444. What Can’t Be Taught

I understand that there is such a thing as talent – that some people learn some things so quickly and become so proficient that they seem to be in a separate league. I’ve sometimes heard admirers of these people say, “That kind of expertise can’t be taught; they’re born with it.” Of course, anyone who has known a newborn baby knows that babies are born without the impressive skills that are later sometimes called “innate.” Though the potential for greatness may be there at birth, it does take at least some time to develop that potential.
I’ve occasionally argued with people who have said that some people are “tone deaf.” Many of us teachers like to operate on the assumption that just about anyone can be taught just about anything. Facts can sometimes seem to contradict that assumption; a child who cannot hear any sounds is not likely to learn to distinguish a G from a G flat. And many teachers who have tried hard and failed to get children to learn certain concepts or skills find a certain amount of solace in believing that it just couldn’t be done.
Still, many of us don’t like to hear that something “can’t be taught.” We don’t like to be powerless, as doctors don’t like to yield to what some people call “God’s will.” We know disabilities and limitations exist, but it’s hard to face failure; if plan A and B don’t work, we look for plan C. Partly, it’s that we care about the children whose lives will be easier and/or more pleasant if they can learn what we’re teaching. Partly, it’s that we need to prove that we’re good at what we do. And there’s also the carrot at the end of the stick – the great feeling everyone will have if the teaching and learning succeed.
And so many teachers are reticent to say or think that there’s anything that can’t be taught to any child. That reticence can be just what’s needed; some of what doesn’t work can work if approached as if it can work. Positive thinking does have some power.
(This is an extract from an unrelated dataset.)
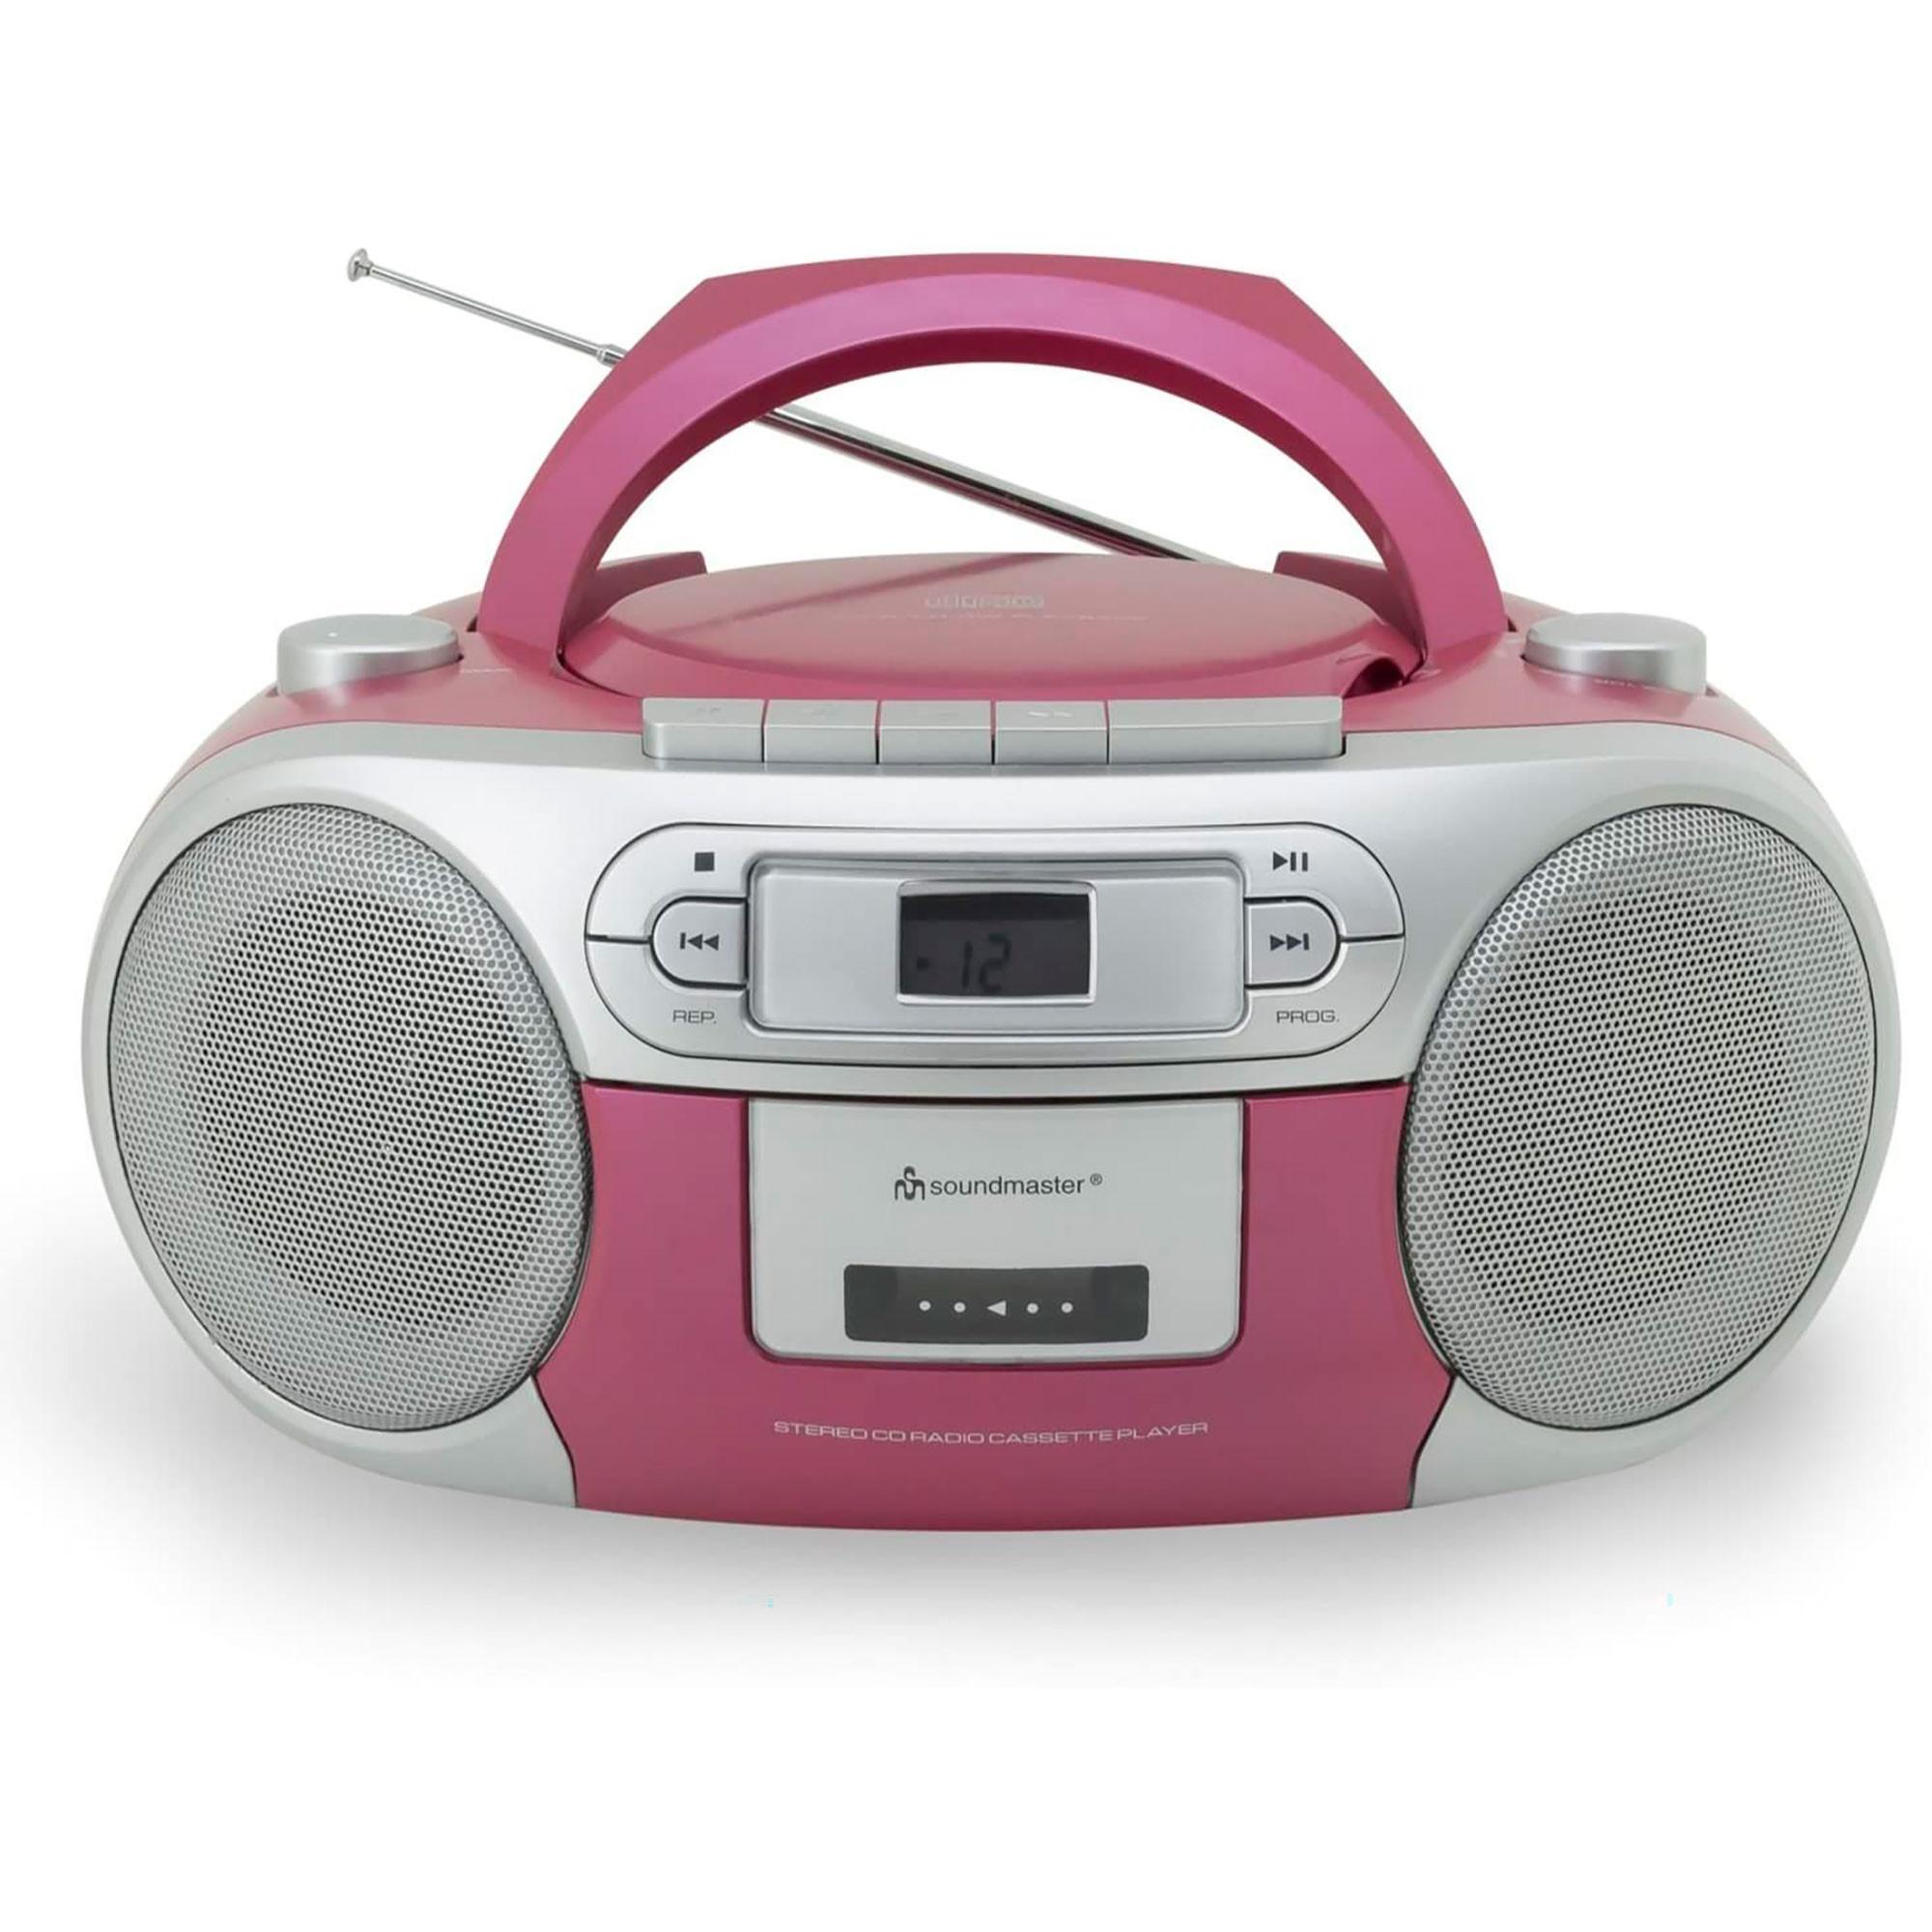 Soundmaster SCD5410PI Boombox Radio AM/FM Analógica, Reproductor CD, Cassette, Portátil, Rosa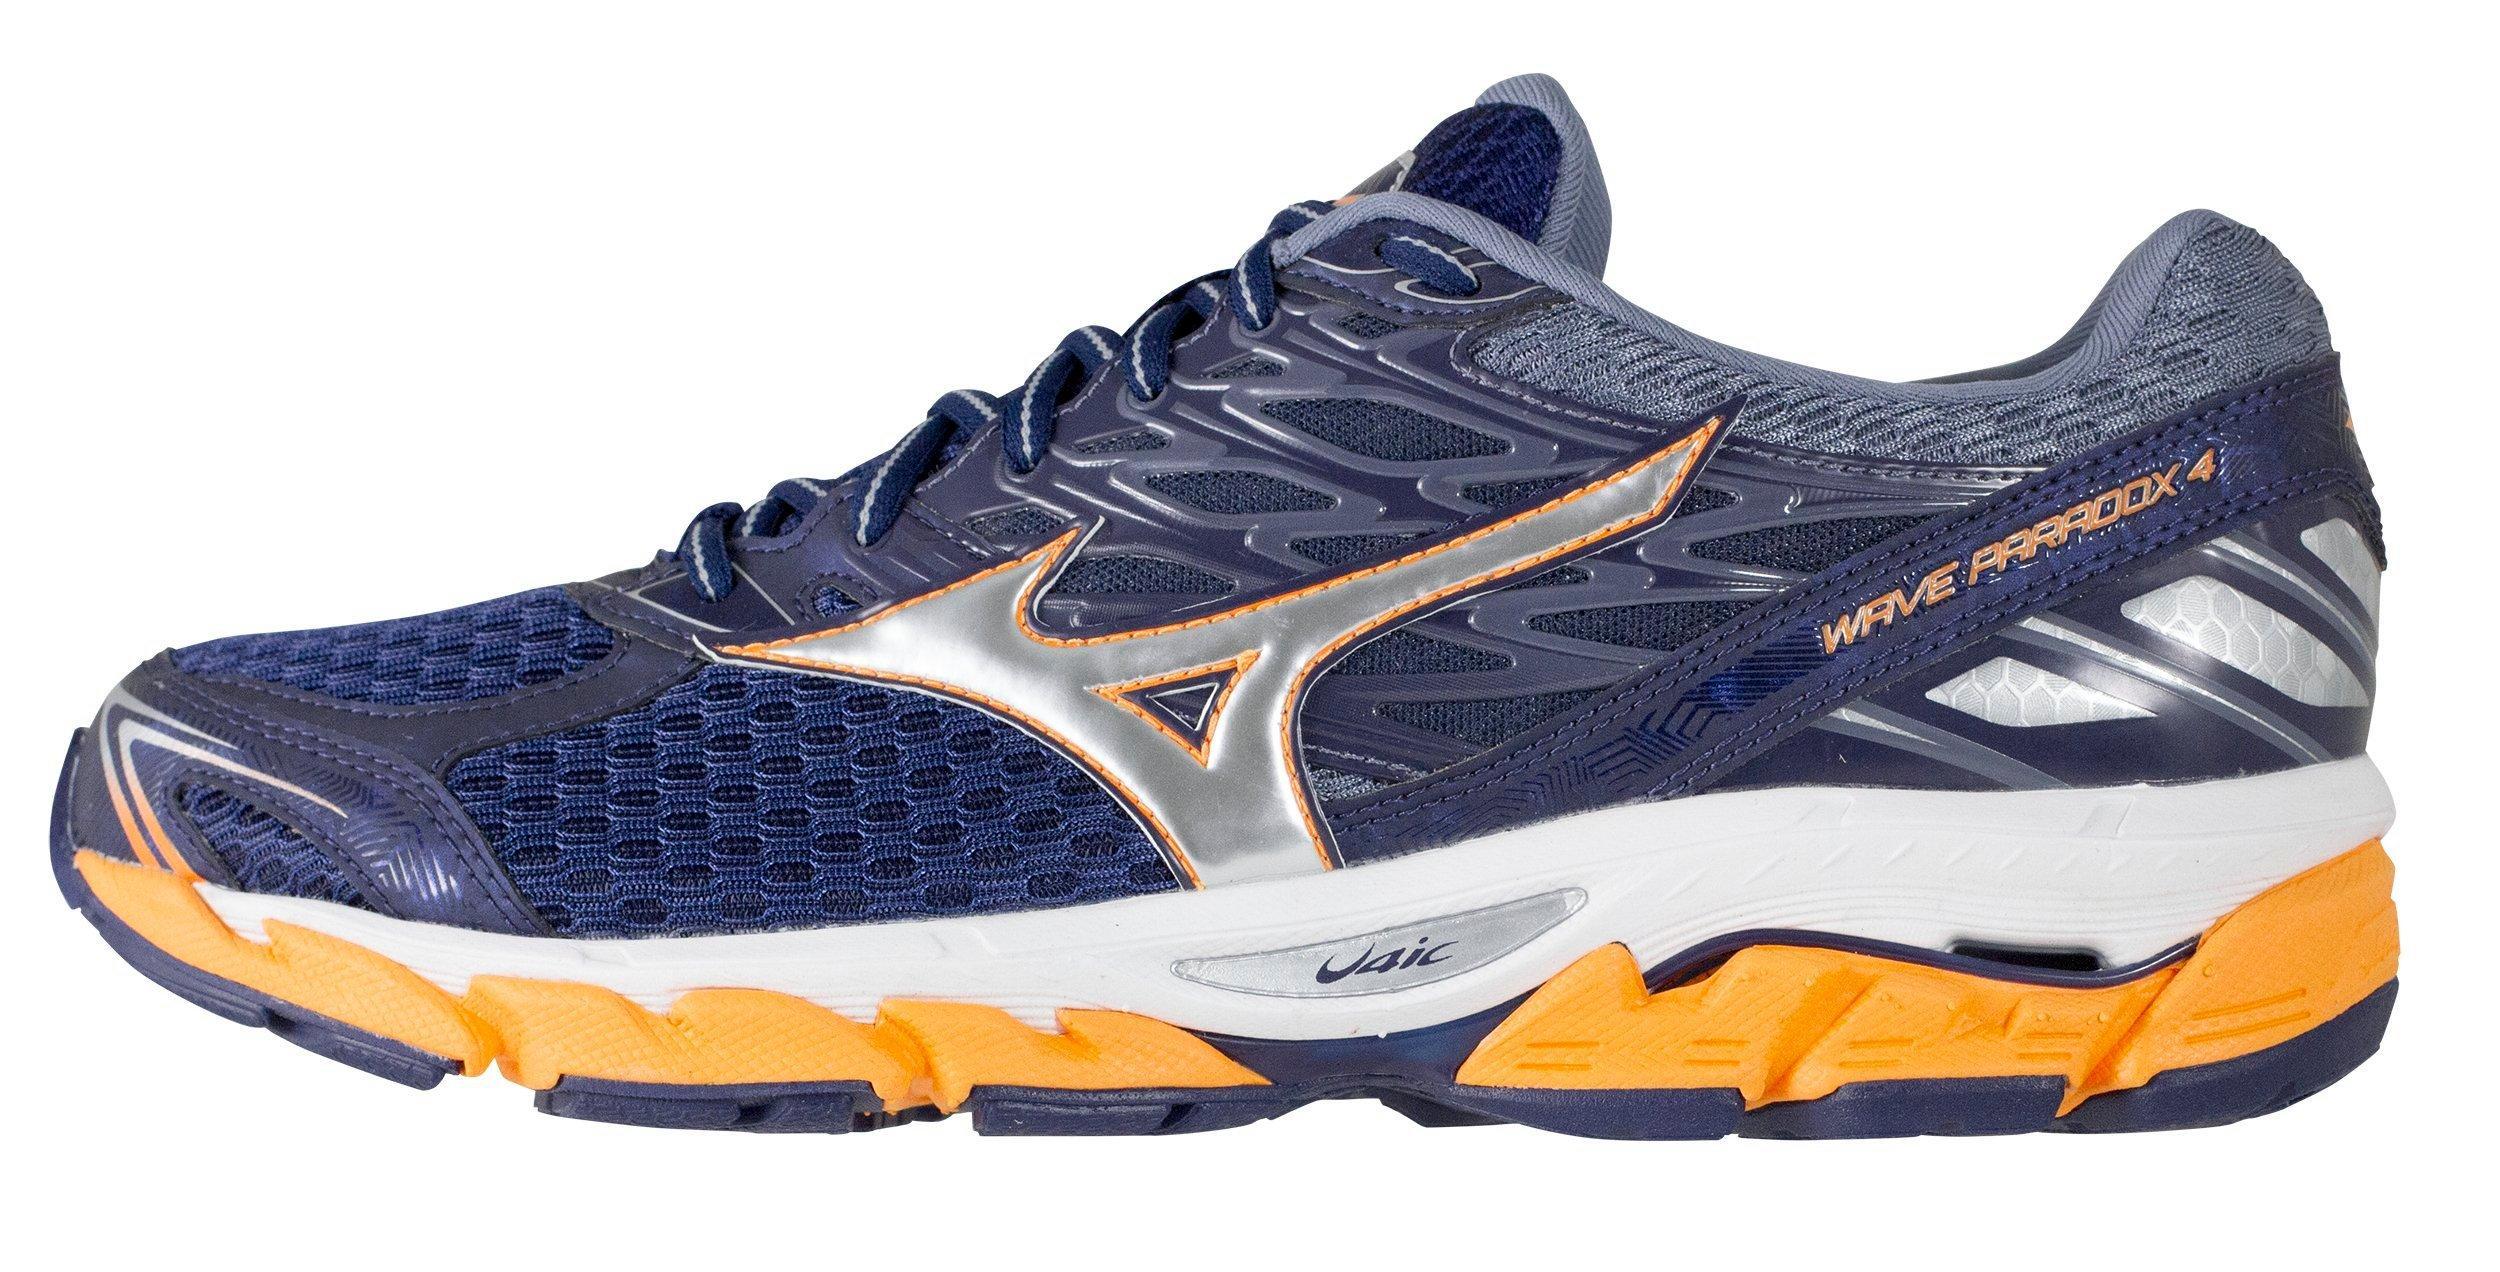 Mizuno Chaussures De Course 11.5 mJCx4t

But maybe there are some things that can’t be taught to some children; maybe the amount of effort required of both the child and the teacher is not worth the degree of success that’s possible.
It’s difficult to hear that a certain child is not going to learn what we’re trying to teach. Belief in people’s power to learn is pretty basic to teachers; many of us become teachers because of that belief. I’ve never been able to fully accept learning limitations; I’ve considered them temporary. As soon as a “limited” child got through the hard part, learning would happen. Or all I had to do was find the right approach.
Maybe it’s good for some children to have teachers who refuse to accept limitations. I’ve heard of and seen successes that were supposed to be impossible. But I’ve also heard of and seen children who seemed to be victims of some teachers’ refusal to give up; instead of teaching such children what they could learn, these teachers kept pushing children to learn what they couldn’t learn. So it depends.